→ **Data provided**
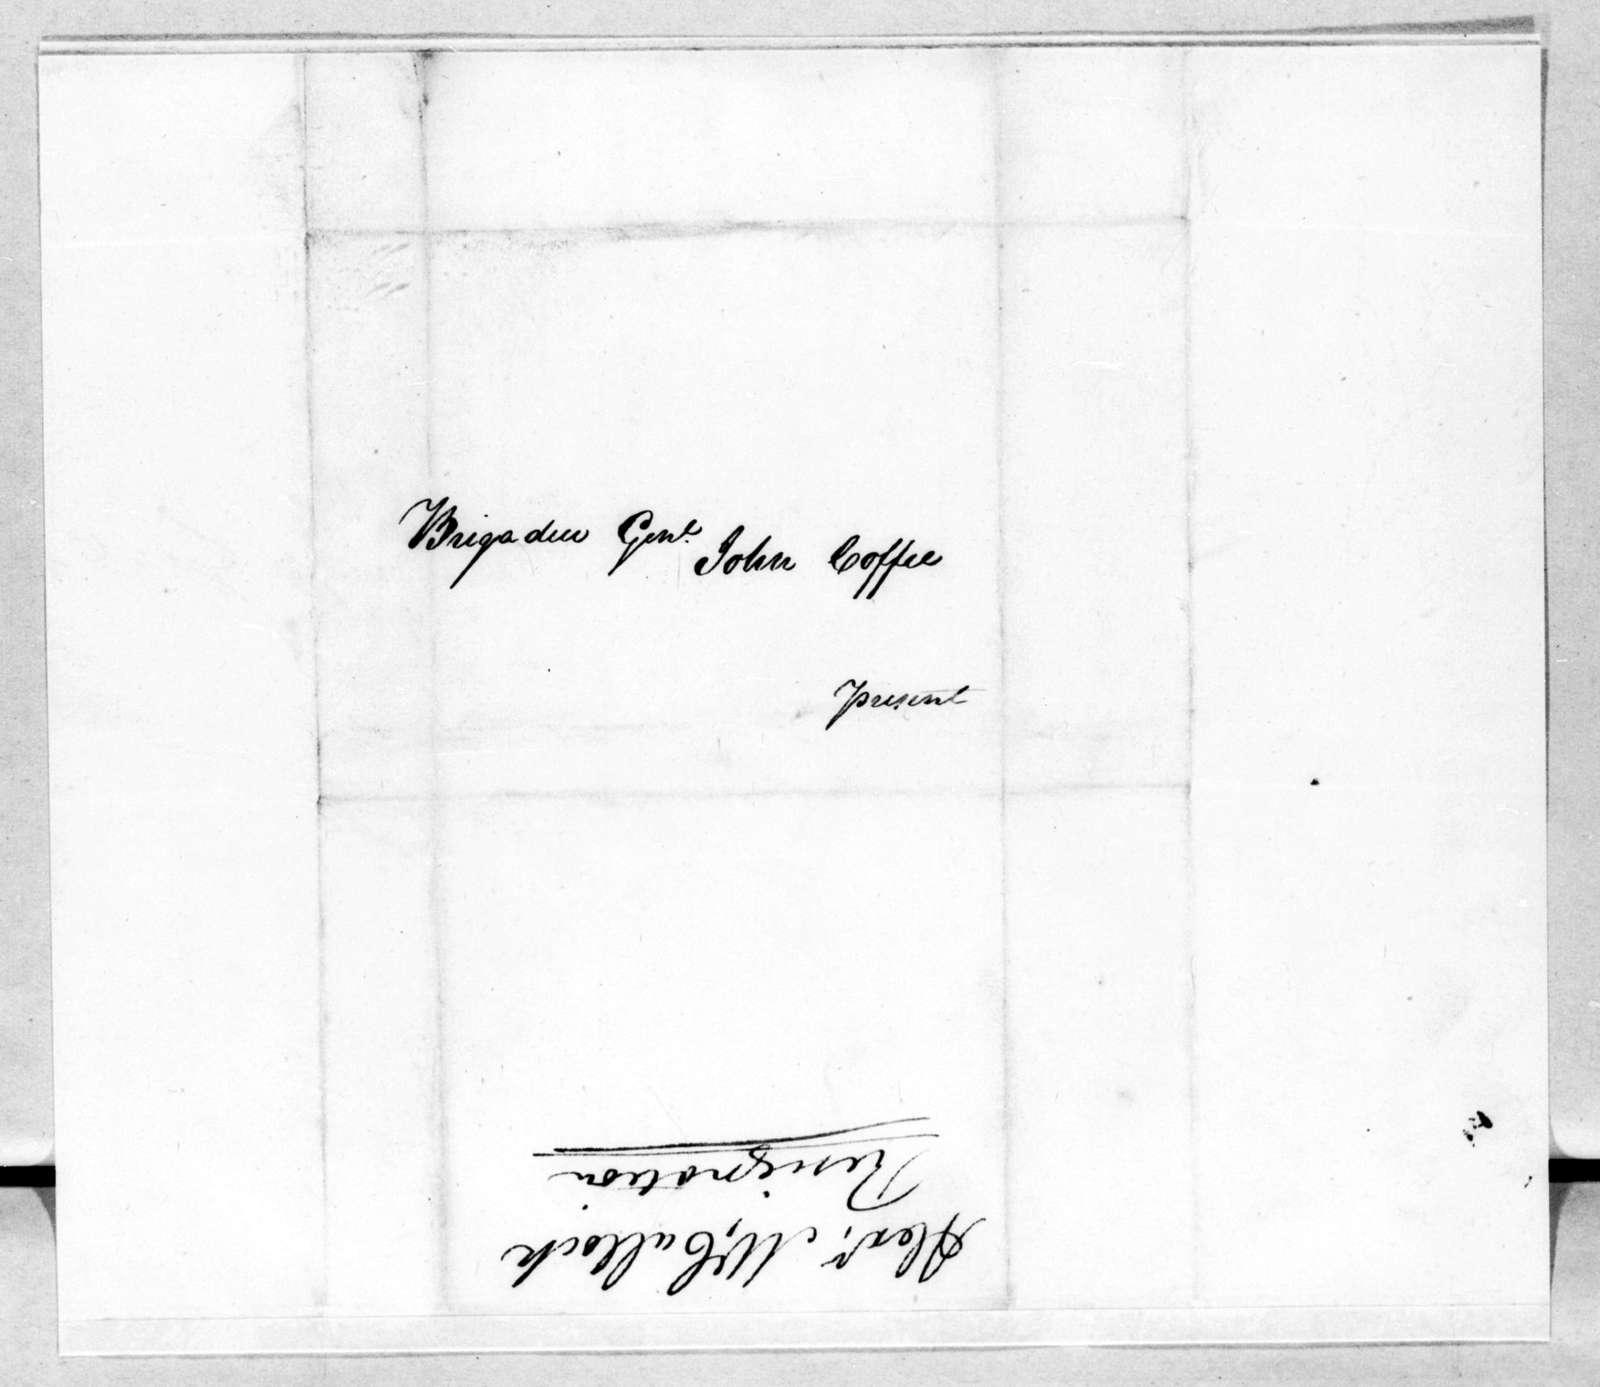 Alexander McCulloch to John Coffee, November 17, 1814
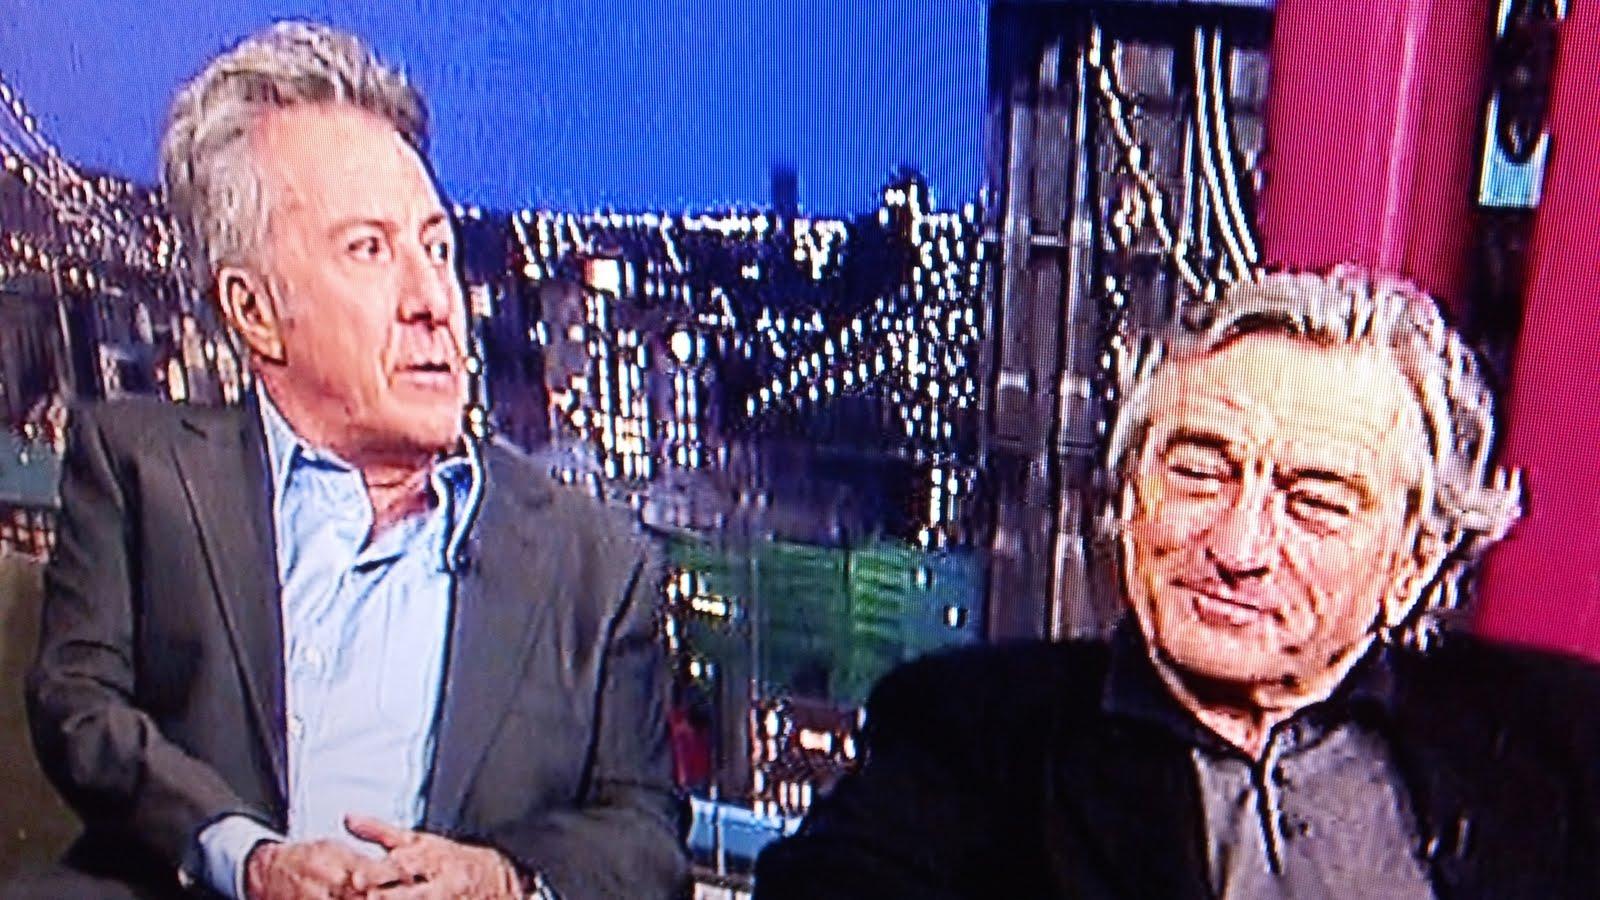 Dustin Hoffman was a guest on, David Letterman
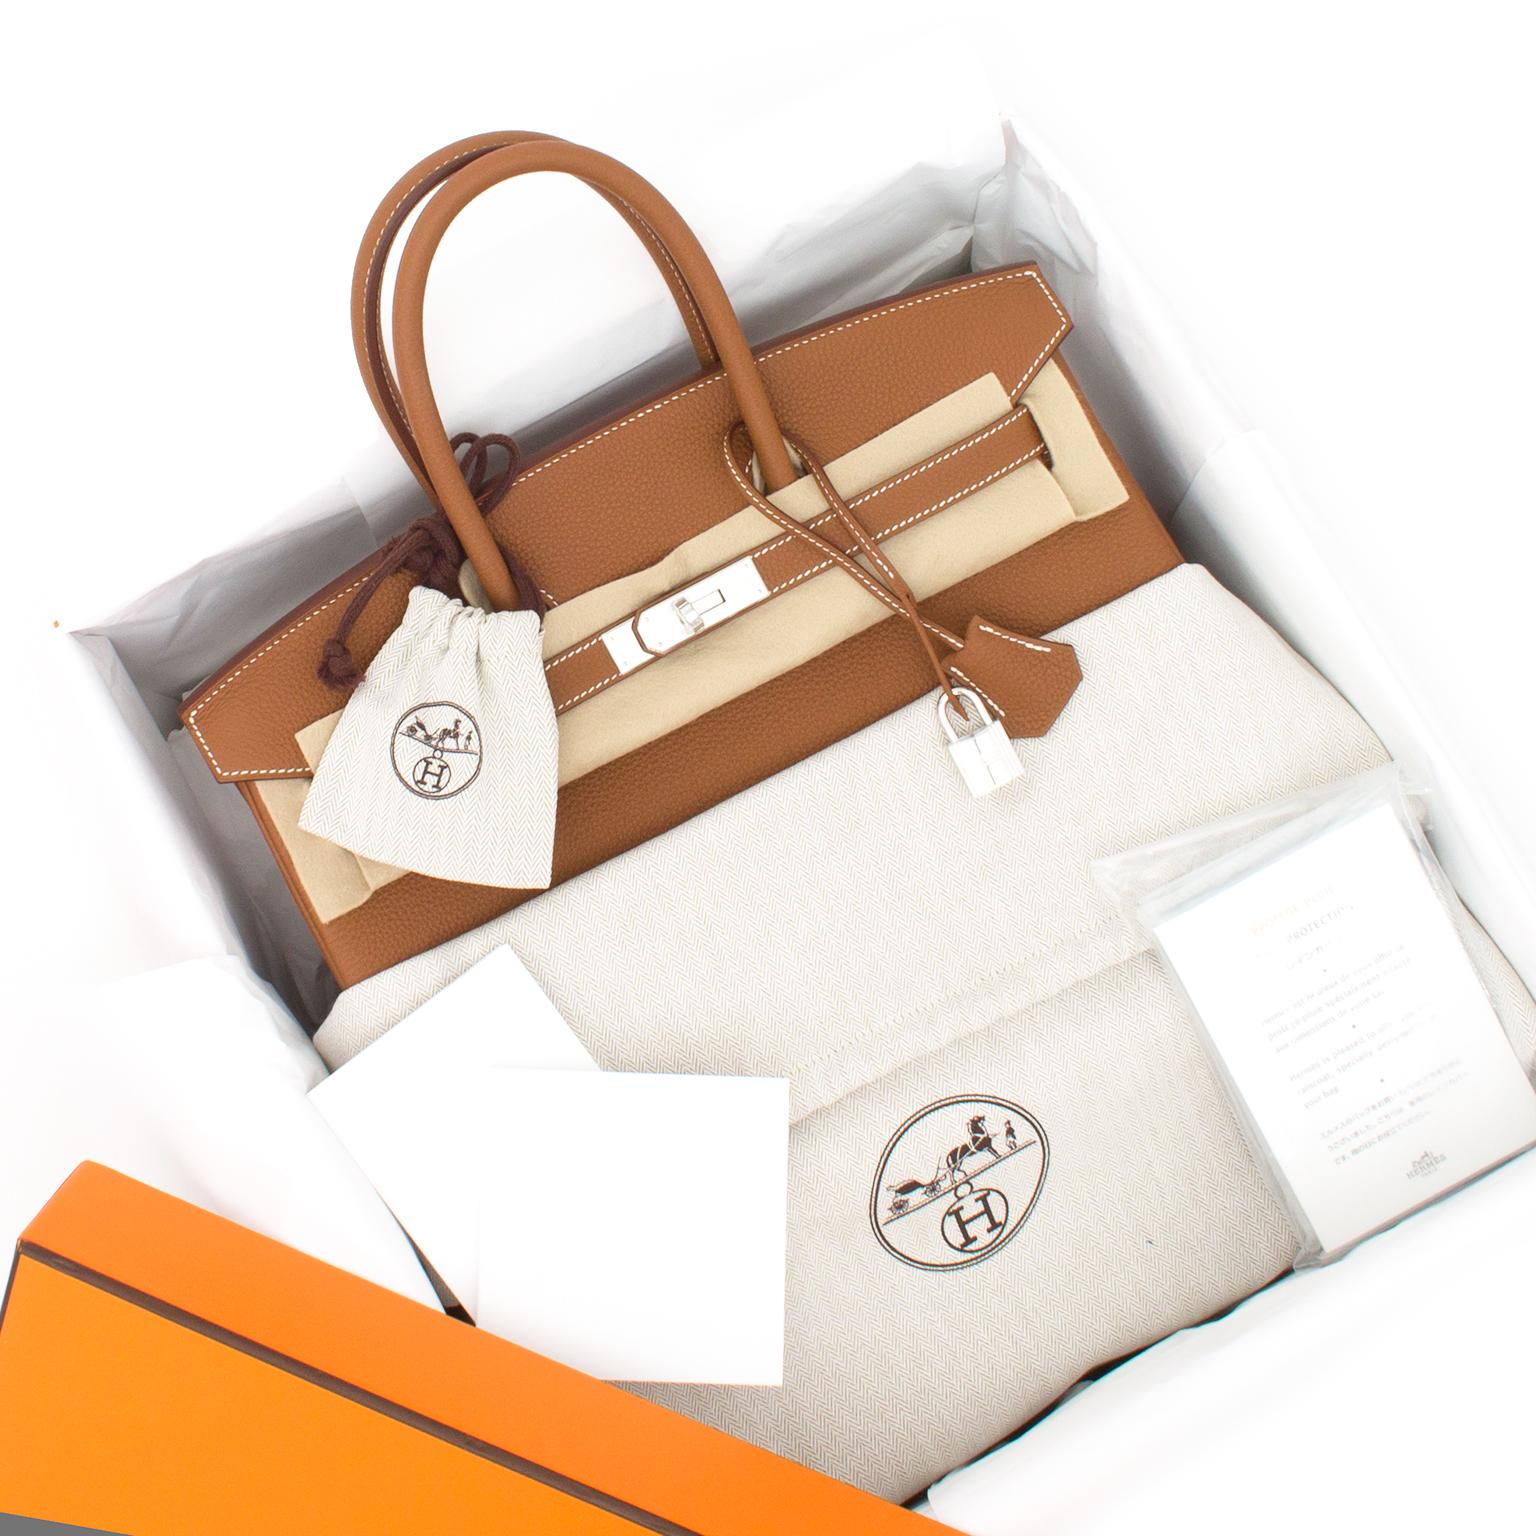 BRAND NEW Hermès Birkin Bag 35 PHW Togo Gold worldwide shipping , receipt and box

→ **Assigned task**
The whole listing should be restated word for word, with no pictures.

→ **Response area**
 Alexander McCulloch to John Coffee, November 17, 1814
 Dustin Hoffman was a guest on, David Letterman
 BRAND NEW Hermès Birkin Bag 35 PHW Togo Gold worldwide shipping , receipt and box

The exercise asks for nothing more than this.